Francois Pottier writes:

   Date: Wed, 4 Aug 1999 15:52:39 +0200
   Subject: Weird behavior with mutually recursive type definitions
   
   [...]

     type 'a t = 'a dummy
      and specialized = int t
   
   O'Caml still accepts the code, but this time, it constrains 'a
   to be equal to int, as if the type constructor t could not be
   used polymorphically within its own declaration:
   
     type 'a t = 'a dummy constraint 'a = int
                          ^^^^^^^^^^^^^^^^^^^
     type specialized = int t
   
   Why is this? Can someone explain, or is it a typechecker bug?
   
A few month ago we run into the same problem.

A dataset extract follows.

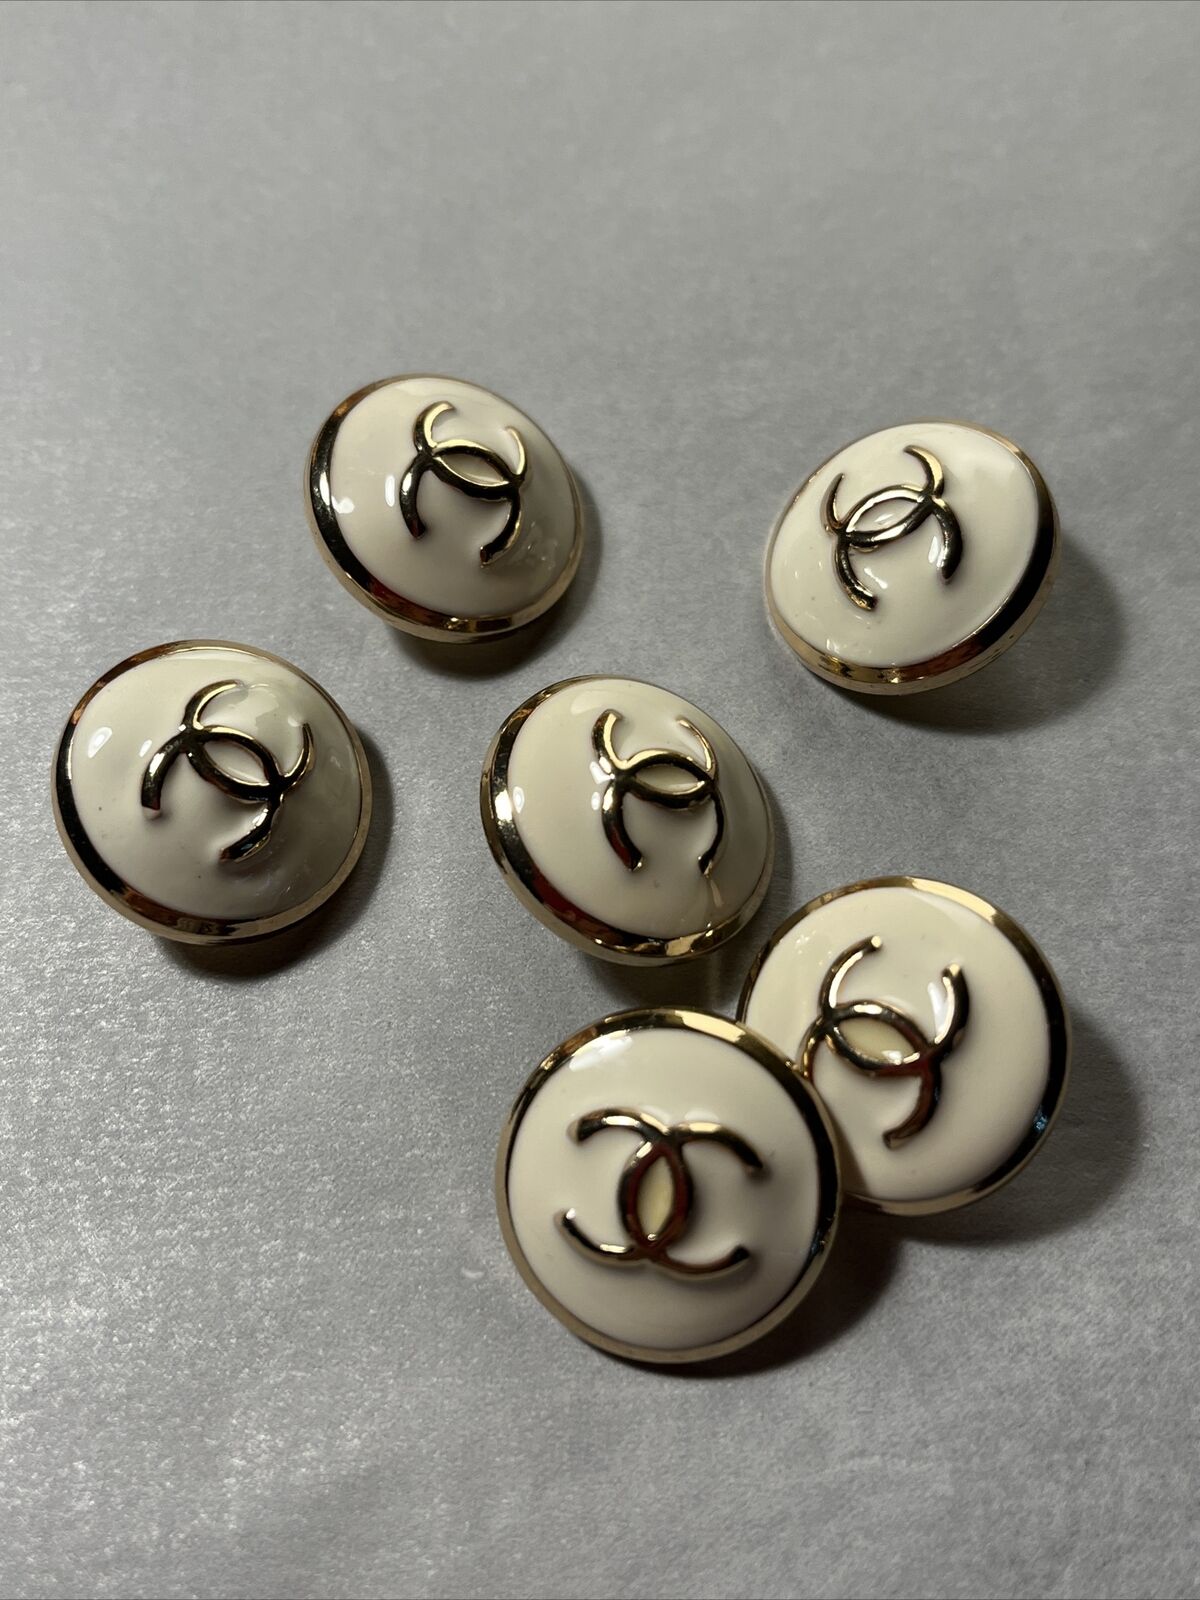 6 Round White And Golden Color Metal Chanel Buttons, 20 Mm

From a private
conversation with Jacques Garrigue I understood, that the above
behavior is actually a feature of the typechecker, because there
is no better solution known at the moment. :-(

We solved the problem by eliminating type abbreviations (by
replacing it with its expansion) until these constraints
vanished. (You can use option ocamlc -i on your code to see which
constraints are generated.) The elimination of the abbreviations
leads to ugly and unreadable code, but it works at least.

Hope this helps,

Hendrik

Re: Weird behavior with mutually recursive type definitions

[Jacques GARRIGUE]

From: Francois Pottier <Francois.Pottier@inria.fr>

> Now, here's the problem. Let's change just one word, and make the type
> declarations mutually recursive, even though they needn't be:
> 
>   type 'a t = 'a dummy
>    and specialized = int t
> 
> O'Caml still accepts the code, but this time, it constrains 'a to be equal to
> int, as if the type constructor t could not be used polymorphically within its
> own declaration:
> 
>   type 'a t = 'a dummy constraint 'a = int
>                        ^^^^^^^^^^^^^^^^^^^
>   type specialized = int t
> 
> Why is this? Can someone explain, or is it a typechecker bug?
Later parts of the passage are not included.